[DATA EXCERPTS Boundary: Start]

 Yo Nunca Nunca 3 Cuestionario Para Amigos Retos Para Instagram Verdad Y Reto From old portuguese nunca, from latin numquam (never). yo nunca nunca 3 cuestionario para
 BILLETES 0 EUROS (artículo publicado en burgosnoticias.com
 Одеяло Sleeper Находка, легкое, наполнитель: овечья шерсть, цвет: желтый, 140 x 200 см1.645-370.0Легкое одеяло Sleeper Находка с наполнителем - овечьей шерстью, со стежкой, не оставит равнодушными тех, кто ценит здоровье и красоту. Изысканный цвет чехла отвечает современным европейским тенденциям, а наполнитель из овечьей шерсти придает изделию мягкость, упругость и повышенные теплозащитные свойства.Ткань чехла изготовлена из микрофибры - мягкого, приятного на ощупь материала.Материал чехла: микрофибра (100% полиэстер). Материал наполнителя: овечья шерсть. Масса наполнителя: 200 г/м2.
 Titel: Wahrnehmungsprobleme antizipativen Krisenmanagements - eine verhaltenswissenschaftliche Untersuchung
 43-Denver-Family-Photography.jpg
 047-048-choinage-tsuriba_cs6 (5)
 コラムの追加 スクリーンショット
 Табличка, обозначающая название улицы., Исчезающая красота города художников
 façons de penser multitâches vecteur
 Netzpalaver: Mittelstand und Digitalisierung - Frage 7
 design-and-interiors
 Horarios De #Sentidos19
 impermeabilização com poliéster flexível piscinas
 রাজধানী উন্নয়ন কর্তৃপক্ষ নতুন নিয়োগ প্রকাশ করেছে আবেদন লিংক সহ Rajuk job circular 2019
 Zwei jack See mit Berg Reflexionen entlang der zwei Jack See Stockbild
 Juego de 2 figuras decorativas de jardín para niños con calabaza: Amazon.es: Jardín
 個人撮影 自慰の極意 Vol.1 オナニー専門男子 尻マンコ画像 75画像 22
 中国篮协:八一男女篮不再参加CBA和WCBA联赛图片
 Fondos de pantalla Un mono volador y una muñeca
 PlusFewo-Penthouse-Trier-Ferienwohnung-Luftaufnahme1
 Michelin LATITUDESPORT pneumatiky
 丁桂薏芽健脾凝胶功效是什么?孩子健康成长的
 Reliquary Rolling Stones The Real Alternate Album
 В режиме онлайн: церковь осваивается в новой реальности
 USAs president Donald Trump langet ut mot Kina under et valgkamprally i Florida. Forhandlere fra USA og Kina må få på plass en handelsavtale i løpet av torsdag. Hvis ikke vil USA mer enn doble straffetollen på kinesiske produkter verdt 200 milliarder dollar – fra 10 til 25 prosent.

[DATA EXCERPTS Boundary: End]

> TASK ITEM:
Word for word, return each of the entries.

> OUTPUT FOR THIS TASK:
 Yo Nunca Nunca 3 Cuestionario Para Amigos Retos Para Instagram Verdad Y Reto From old portuguese nunca, from latin numquam (never). yo nunca nunca 3 cuestionario para
 BILLETES 0 EUROS (artículo publicado en burgosnoticias.com
 Одеяло Sleeper Находка, легкое, наполнитель: овечья шерсть, цвет: желтый, 140 x 200 см1.645-370.0Легкое одеяло Sleeper Находка с наполнителем - овечьей шерстью, со стежкой, не оставит равнодушными тех, кто ценит здоровье и красоту. Изысканный цвет чехла отвечает современным европейским тенденциям, а наполнитель из овечьей шерсти придает изделию мягкость, упругость и повышенные теплозащитные свойства.Ткань чехла изготовлена из микрофибры - мягкого, приятного на ощупь материала.Материал чехла: микрофибра (100% полиэстер). Материал наполнителя: овечья шерсть. Масса наполнителя: 200 г/м2.
 Titel: Wahrnehmungsprobleme antizipativen Krisenmanagements - eine verhaltenswissenschaftliche Untersuchung
 43-Denver-Family-Photography.jpg
 047-048-choinage-tsuriba_cs6 (5)
 コラムの追加 スクリーンショット
 Табличка, обозначающая название улицы., Исчезающая красота города художников
 façons de penser multitâches vecteur
 Netzpalaver: Mittelstand und Digitalisierung - Frage 7
 design-and-interiors
 Horarios De #Sentidos19
 impermeabilização com poliéster flexível piscinas
 রাজধানী উন্নয়ন কর্তৃপক্ষ নতুন নিয়োগ প্রকাশ করেছে আবেদন লিংক সহ Rajuk job circular 2019
 Zwei jack See mit Berg Reflexionen entlang der zwei Jack See Stockbild
 Juego de 2 figuras decorativas de jardín para niños con calabaza: Amazon.es: Jardín
 個人撮影 自慰の極意 Vol.1 オナニー専門男子 尻マンコ画像 75画像 22
 中国篮协:八一男女篮不再参加CBA和WCBA联赛图片
 Fondos de pantalla Un mono volador y una muñeca
 PlusFewo-Penthouse-Trier-Ferienwohnung-Luftaufnahme1
 Michelin LATITUDESPORT pneumatiky
 丁桂薏芽健脾凝胶功效是什么?孩子健康成长的
 Reliquary Rolling Stones The Real Alternate Album
 В режиме онлайн: церковь осваивается в новой реальности
 USAs president Donald Trump langet ut mot Kina under et valgkamprally i Florida. Forhandlere fra USA og Kina må få på plass en handelsavtale i løpet av torsdag. Hvis ikke vil USA mer enn doble straffetollen på kinesiske produkter verdt 200 milliarder dollar – fra 10 til 25 prosent.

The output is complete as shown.